ACTIVITY:
Write down the listing again exactly as it appears below, without its pictures.

COLLECTED MATERIAL:

......

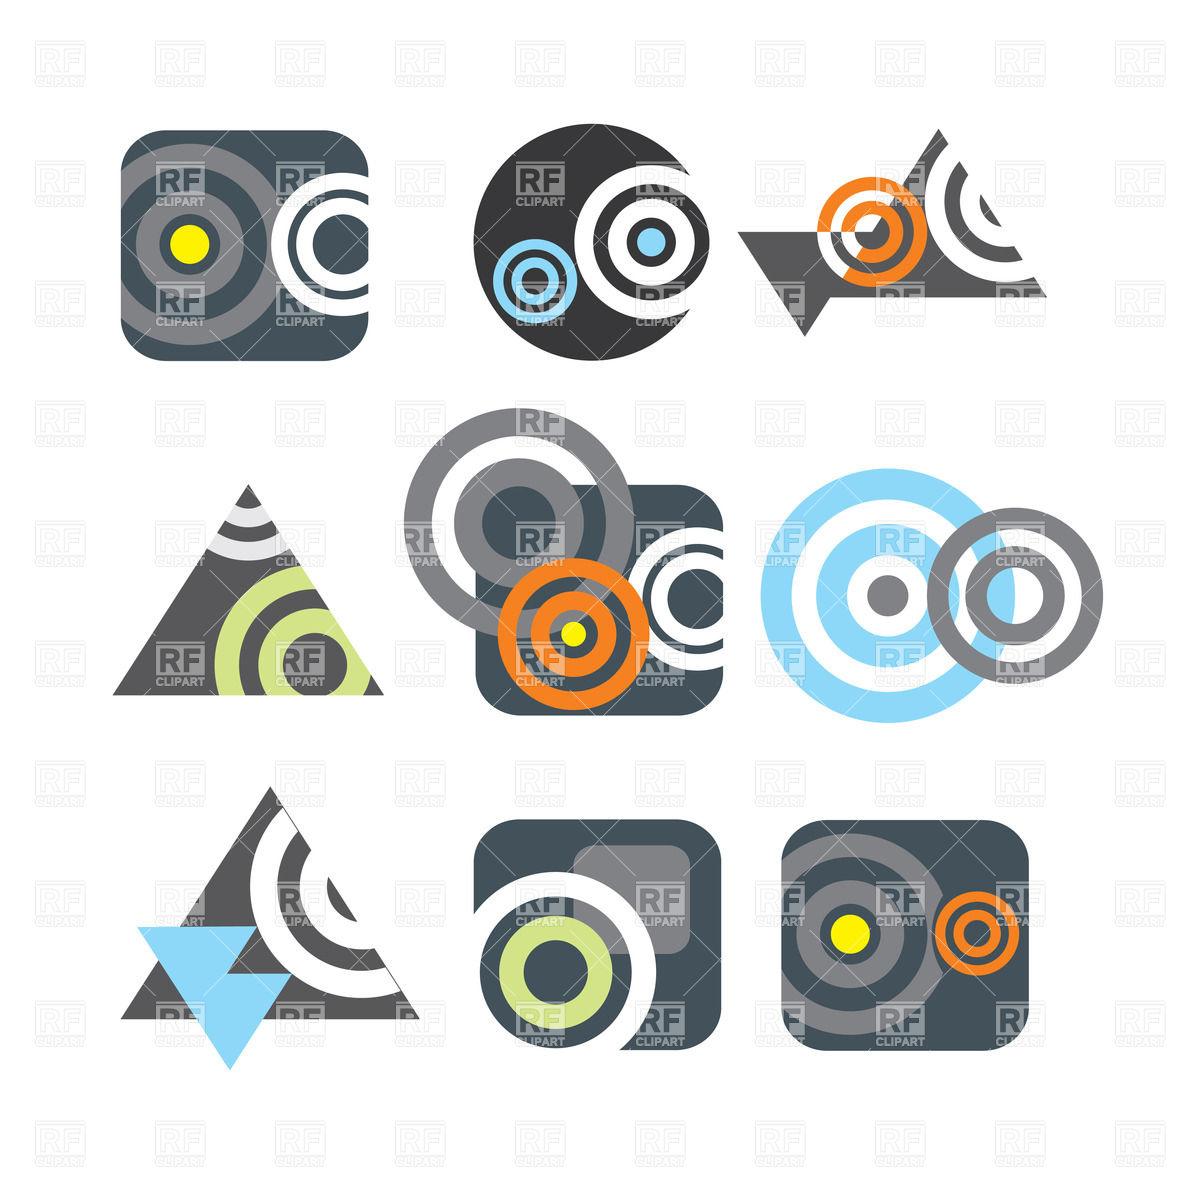 1200x1200 Design Elements And Symbols
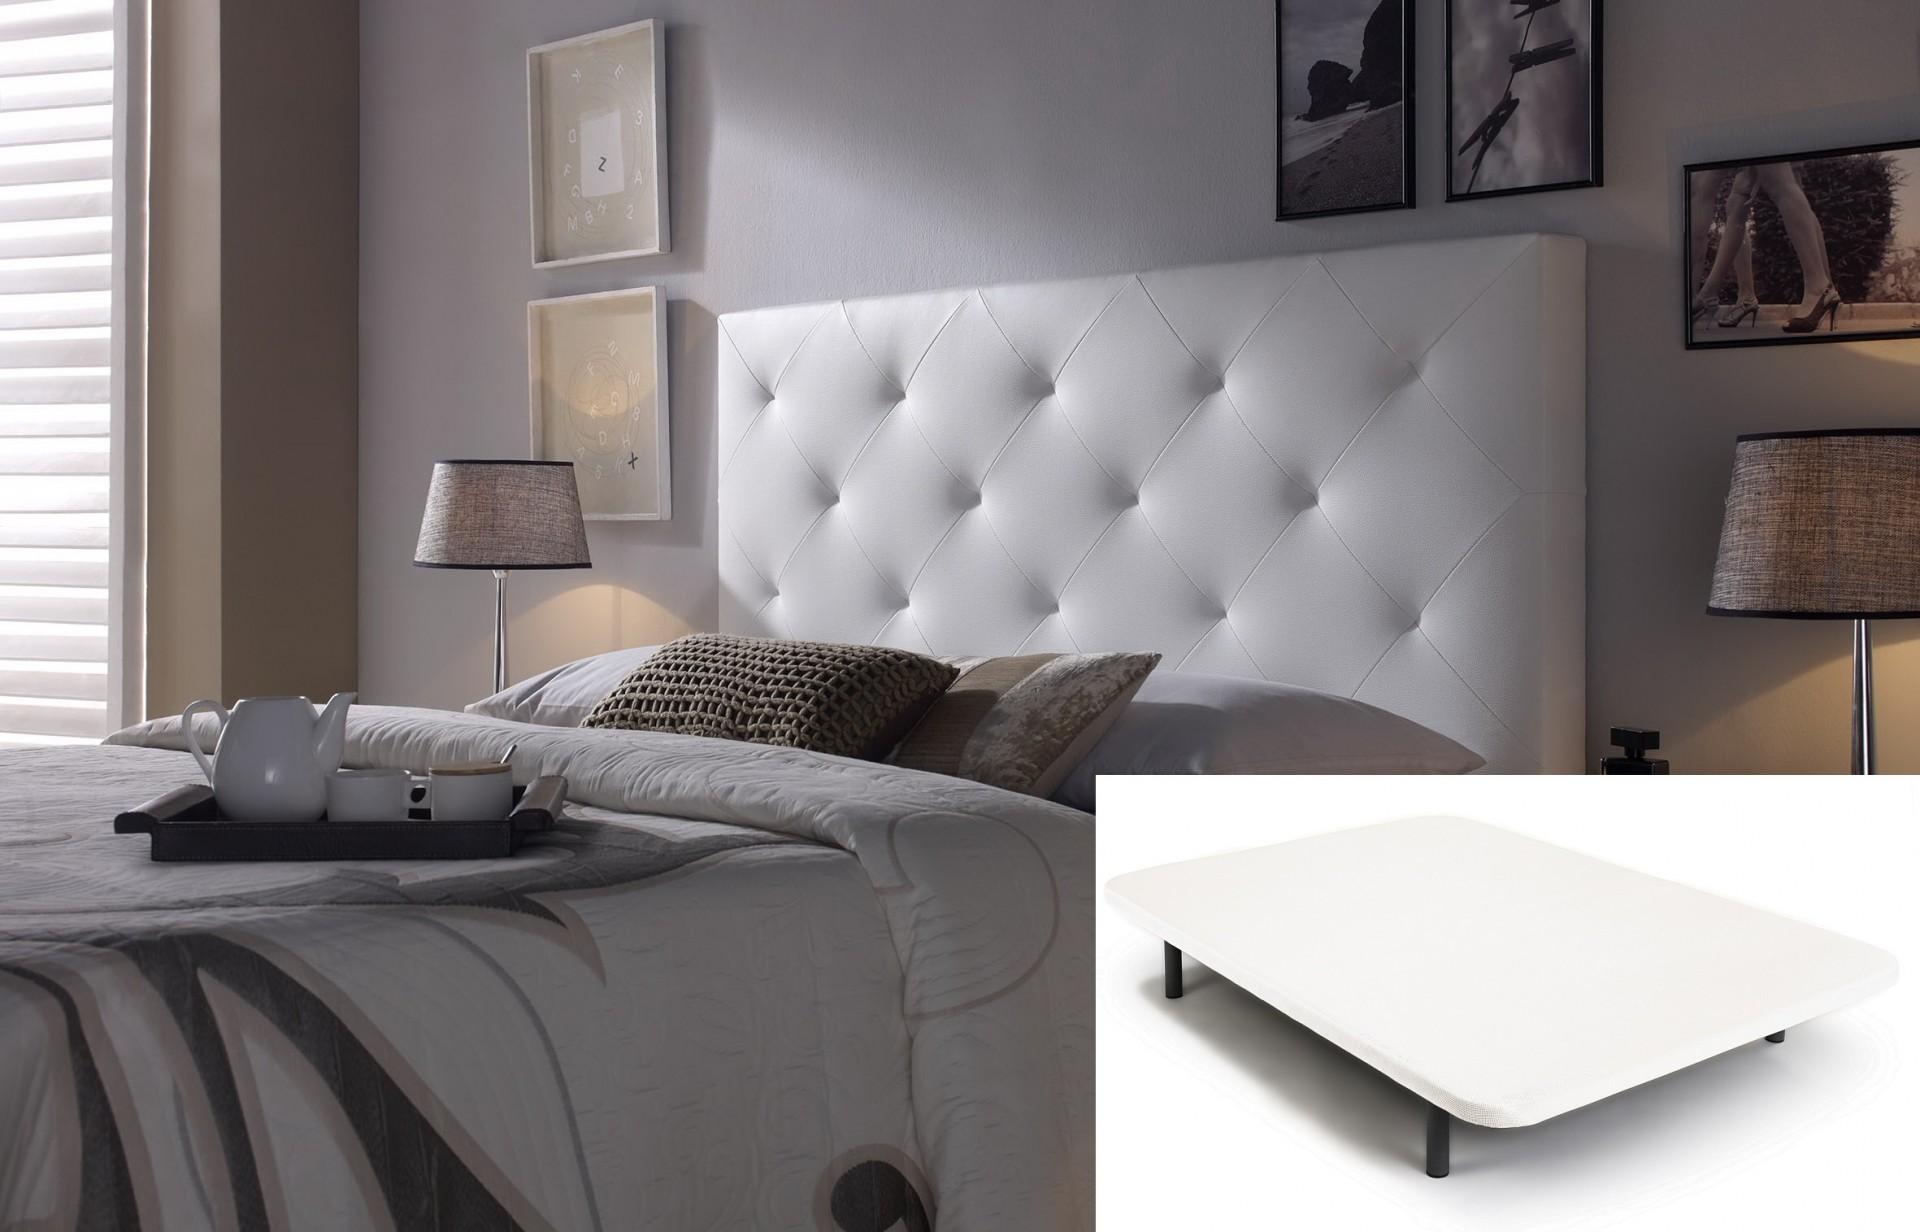 Cama Tapi + Cabeceira de cama - disponível em 3 cores e 6 medidas
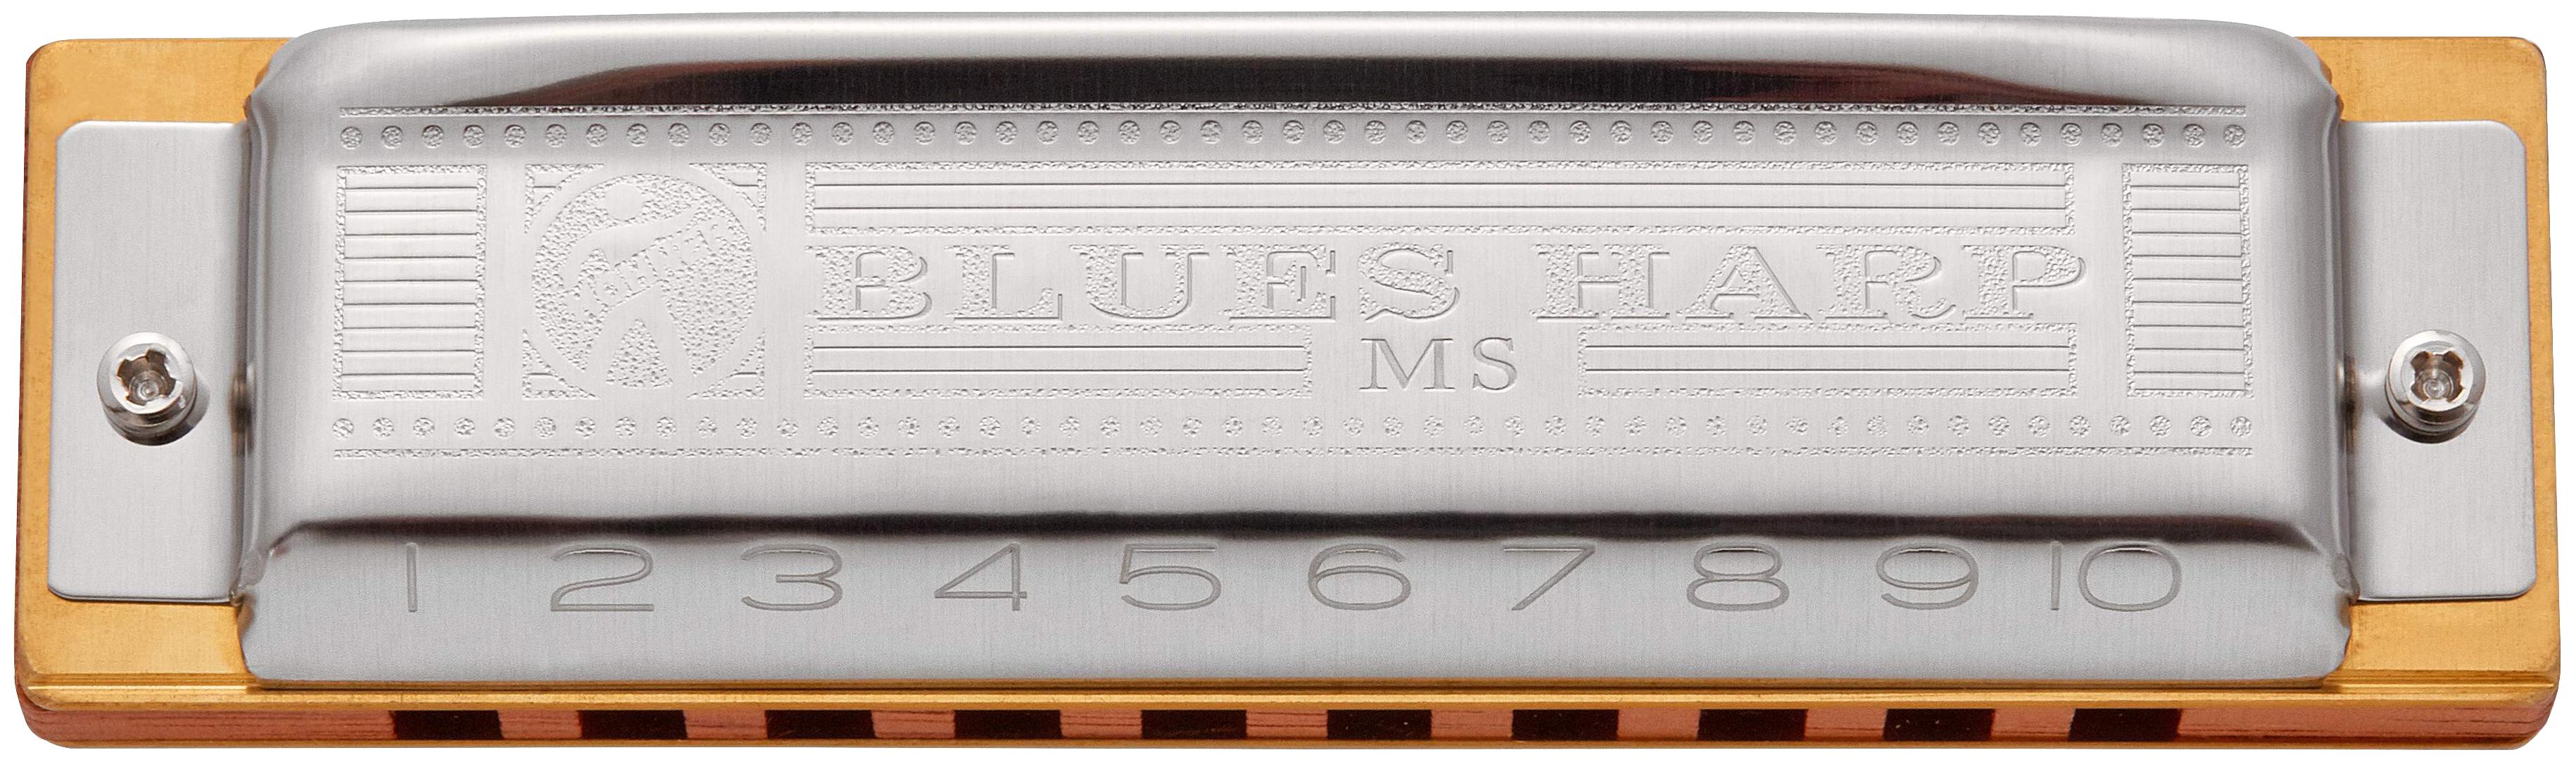 Губная гармоника диатоническая HOHNER Blues Harp 532/20 MS Db

......

ANSWER SECTION:
 1200x1200 Design Elements And Symbols
 Cama Tapi + Cabeceira de cama - disponível em 3 cores e 6 medidas
 Губная гармоника диатоническая HOHNER Blues Harp 532/20 MS Db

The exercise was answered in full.